Below are two articles that evaluate the risk of heart disease for various NSAIDS. Since heart disease is associated with a high level of use of these painkillers, and because those of us with RA often use them daily, this information is relevant for us.
Note the conclusion: the safest NSAID for heart disease is Aleve (naproxen sodium). Note also the extremely high rate of problems with diclofenac (Voltaren).
No one really thinks much about popping a nonsteroidal anti-inflammatory drug (NSAID) for minor complaints, but we should. A 9-year study finds that certain pain relievers can increase cardiovascular risk, even in healthy people. The study was based on detailed registry data of more than 1 million NSAID users. The average age was 39 years.

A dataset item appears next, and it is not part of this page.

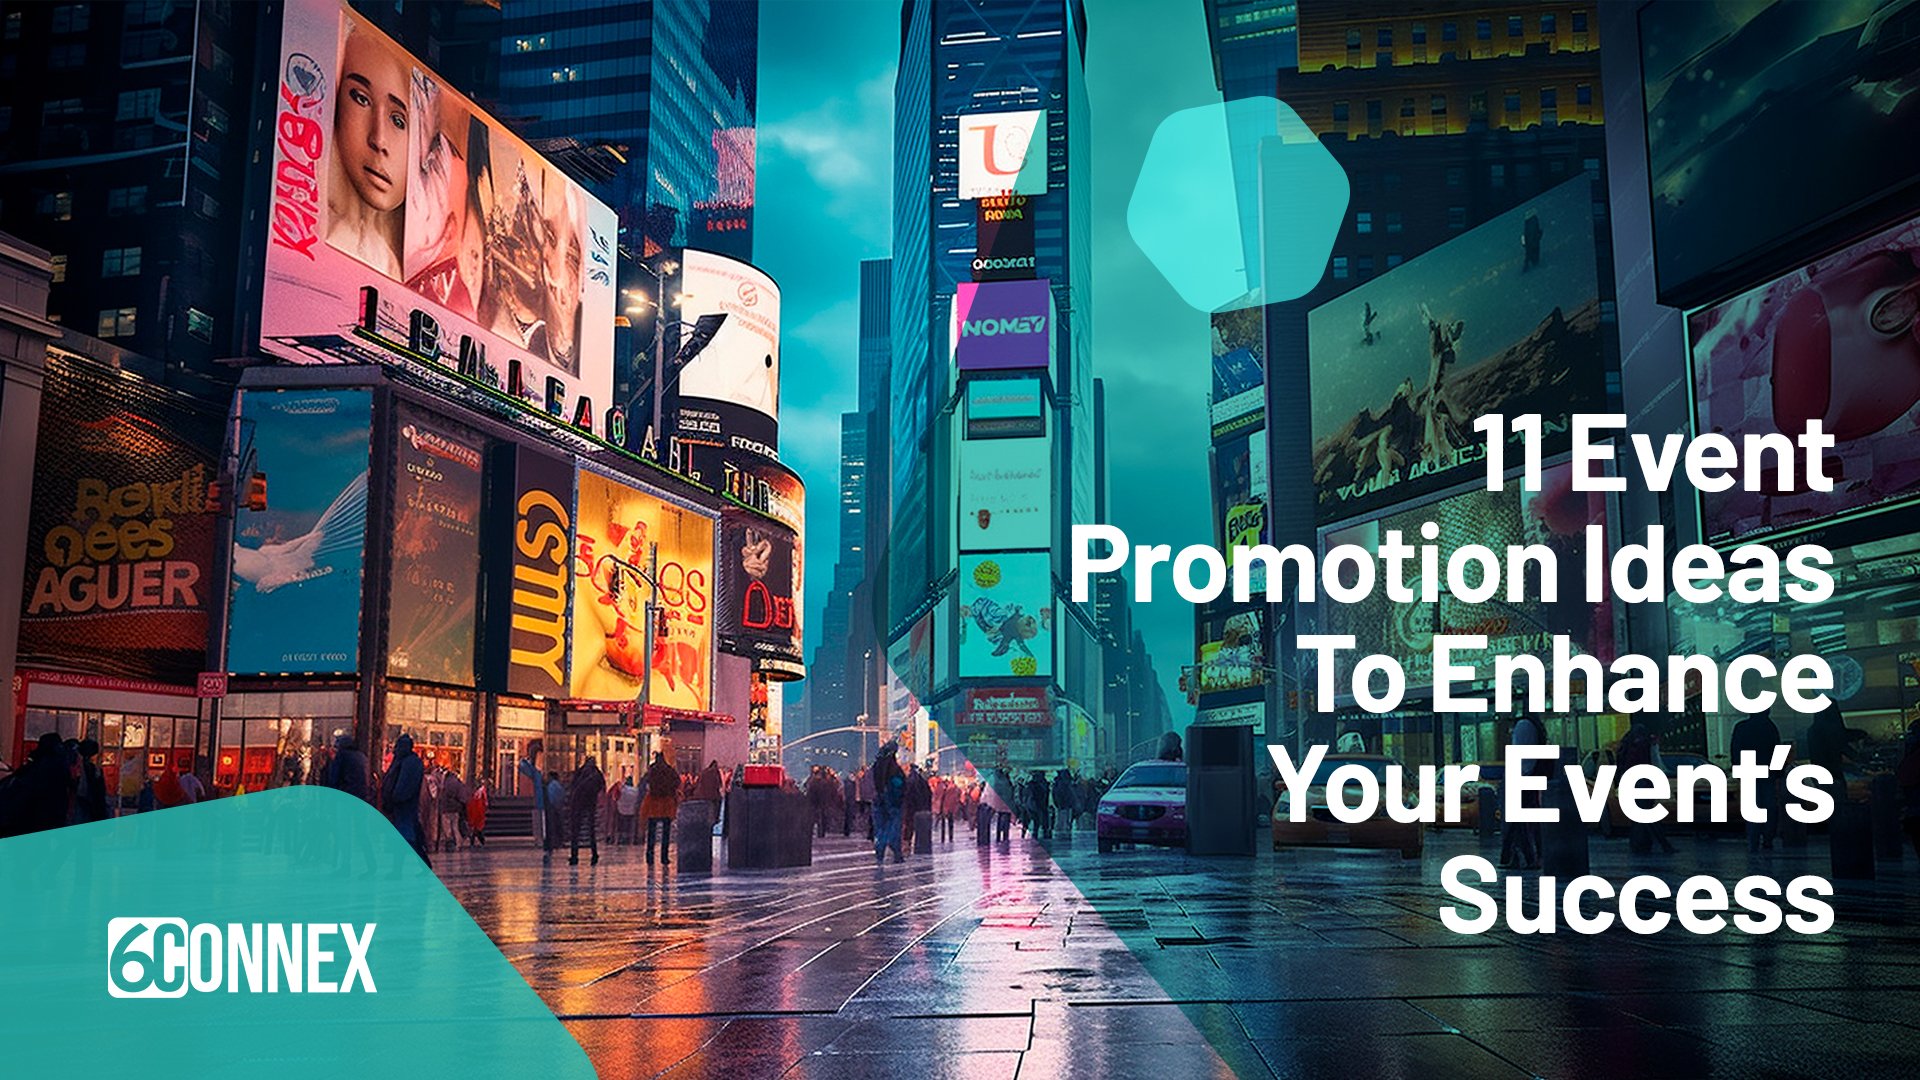 11 Event Promotion Ideas To Enhance Your Event’s Success

Researchers looked at several different types of NSAIDs. Here are the results:
* Ibuprofen — 29% greater risk for fatal or nonfatal stroke;
* Rofecoxib — 66% increased risk for cardiovascular death. (Remember the high rate of heart attack and stoke is why it was taken off the US market back in 2004.);
* Diclofenac — 91% increased risk for cardiovascular death. (Diclofenac has high COX-2 inhibition selectivity.);
* Celecoxib — findings inconclusive. The number of events was too small but available data did seem to show a trend for increased cardiovascular risk; and
* Naproxen — NOT associated with any increased cardiac risk.
That’s why these researchers say naproxen is the safest choice for your heart.”>
Common Painkillers Linked to Increased Risk of Heart Problems
The drugs include traditional non-steroidal anti-inflammatory drugs (NSAIDS) as well as new generation anti-inflammatory drugs, known as COX-2 inhibitors.
… researchers say that doctors and patients need to be aware that prescription of any anti-inflammatory drug needs to take cardiovascular risk into account.
NSAIDs have been the cornerstone of managing pain in patients with osteoarthritis and other painful conditions. In 2004, the COX-2 inhibitor rofecoxib was withdrawn from the market after a trial found that the drug increased the risk of cardiovascular disease. Since then, there has been much debate about the cardiovascular safety of COX-2 inhibitors and traditional NSAIDs, which several studies have not been able to resolve.
So researchers in Switzerland performed a comprehensive analysis of all randomised controlled trials comparing any NSAID with other NSAIDs or placebo.
They included 31 trials and 116,429 patients taking seven different drugs (naproxen, ibuprofen, diclofenac, celecoxib, etoricoxib, rofecoxib, lumiracoxib) or placebo to provide a more reliable estimate of the cardiovascular risks of these drugs than previous studies.
Overall, the number of harmful outcomes that could be compared for placebo versus treatment was low. In 29 trials there was a total of 554 heart attacks; in 26 trials there were 377 strokes, and in 28 trials there were 676 deaths. So the absolute risk of cardiovascular problems among people taking painkillers was low, but the researchers did find that, relative to placebo, the drugs carried important risks.
For instance, compared with placebo, rofecoxib and lumiracoxib were associated with twice the risk of heart attack, while ibuprofen was associated with more than three times the risk of stroke. Etoricoxib and diclofenac were associated with the highest (around four times) risk of cardiovascular death.
Naproxen (Aleve) appeared least harmful in terms of cardiovascular safety among the seven analysed preparations.
Although the number of cardiovascular events in the trials was low, the authors say “our study provides the best available evidence on the safety of this class of drugs.” They conclude: “Although uncertainty remains, little evidence exists to suggest that any of the investigated drugs are safe in cardiovascular terms. Cardiovascular risk needs to be taken into account when prescribing any non-steroidal anti-inflammatory drug.”
An accompanying editorial says these cardiovascular risks are worrying because many patients have both cardiovascular disease and musculoskeletal disease (arthritis), and suggests that it is time for an evaluation of a broader range of alternatives.